Ormanın içindeki yola birkaç araç girdi. Koku, onları Doğan'ın kustuğu yere götürdü. Doğru iz üzerindeydiler. Yolu takip etmeye devam ettiler. Birkaç kilometre sonra, genellikle tek katlı evlerin olduğu ufak bir köye geldiler. Dışarıda birkaç çocuk duruyordu. Bazıları ip atlıyor, bazıları top oynuyordu.
Arabalar köyün önünde durunca çocuklar korktu ve kaçtı. Üç yaşlı amca, arabaların yanına geldi. Arabadan ellili yaşlarda gösteren, gri saçlı bir adam indi. Boyu oldukça uzundu. Bu yüzden üç yaşlı adam kafalarını yukarıya doğu kaldırmak zorunda kaldı.
Gri saçlı, cebinden cüzdanını çıkarıp üç yaşlı adama polis kimliğini gösterdi. Kimliğin üzerindeki yazıları teyit etmek istercesine, "Ben Komiser Atıl," dedi.
"Nasıl yardımcı olabiliriz polis oğlum?" dedi içlerinden en yaşlı olan tombik yanaklı amca.

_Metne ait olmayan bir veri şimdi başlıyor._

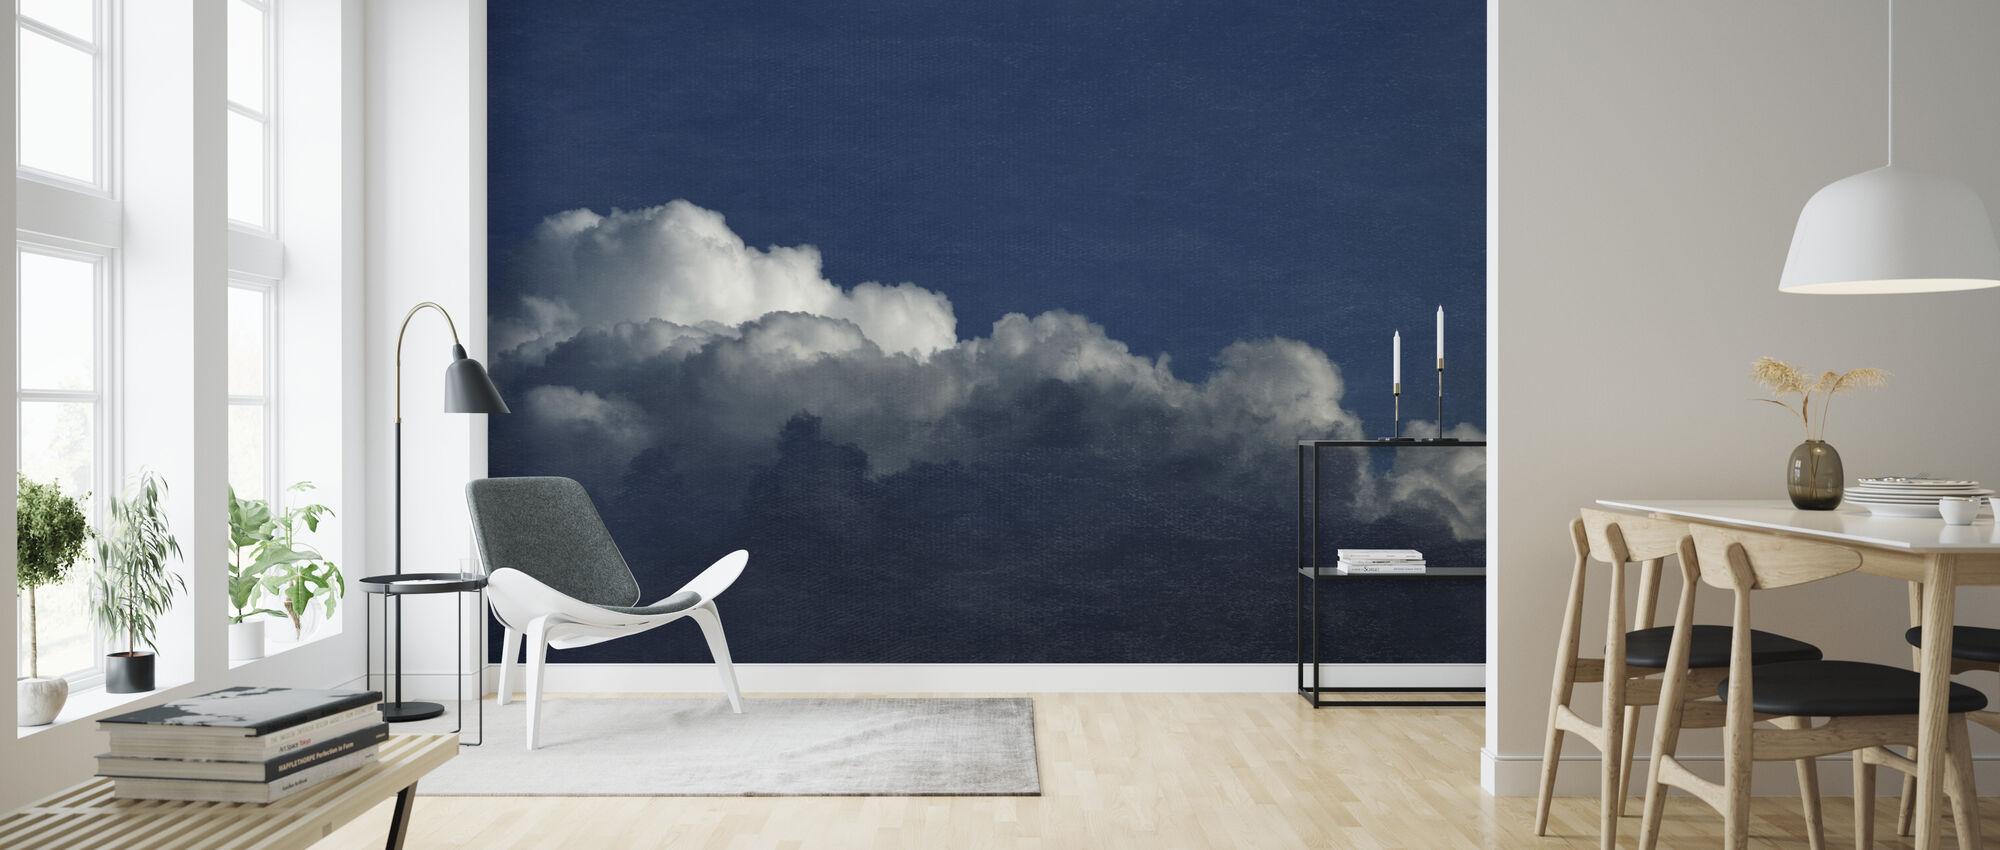 Gradient Cloud Filter III - Wallpaper - Living Room

"Kaçak iki kişiyi arıyoruz. Yirmili yaşlarda bir kız ve bir erkek. Arabayla buraya doğru geldiklerine dair ihbar aldık. Etrafta yabancı birilerini gördünüz mü?"
"Valla, ben görmedim." diye karşılık verdi, ortada duran yaşlı amca. "Zaten bizim köy küçüktür. Kimin girip kimin çıktığını görürüz. Köydeki herkesi hemen toplarım buraya, birisi geldi mi hemen öğreniriz," diyerek sözüne devam etti.
Diğer vampirler de arabalardan inmişti. Hepsi kokuyu çoktan almıştı ama insanları kuşkulandırmak istemiyorlardı.
Yaşlı amcalar, köydeki herkesi bir araya topladı. Vampirler, formalite icabı köylülerin ifadelerini alıyorlardı. Gri saçlı, kafasını kokunun geldiği yöne doğru eğdi. Gözleri vampirlerin en arkasındaki, yeşil gömleklinin üzerindeydi. Yeşil gömlekli, gizlice evlerin arkasından dolaşmaya başladı. Kokunun geldiği yöne doğru yürüdü.
Seksenli yaşlarda ve gözü pek de iyi görmeyen yaşlı teyze, elinde bir tepsi börekle vampirlerin yanına gitti. "Evladım alında yiyin hadi. Açsınızdır şimdi, yiyin de kuvvet alın. İşiniz rast gitsin," dedi ve tepsiyi vampirlere uzattı.
Vampirler, teyzenin dediğine aldırış etmedi. Vampir ile börek aynı sözlüğe girebilecek kelimeler değildi.
Otuzlu yaşlarda bir kadın, yaşlı teyzenin yanına gidip koluna girdi. "Gel hadi, bırak da işlerini yapsınlar."
"Olmaz, önce yesinler, karınlarını doyursunlar. Sen de git çay demle. Kuru kuru boğazlarından geçmez."
Kan emicilerden bir tanesi yaşlı teyzenin yanına gitti. Teyzenin boyuna oranla eğildi. Yüzüne ufak bir tebessüm yerleştirdi. "Teyzeciğim, çok teşekkür ederiz ama görev sırasında bir şeyler yememiz yasak!"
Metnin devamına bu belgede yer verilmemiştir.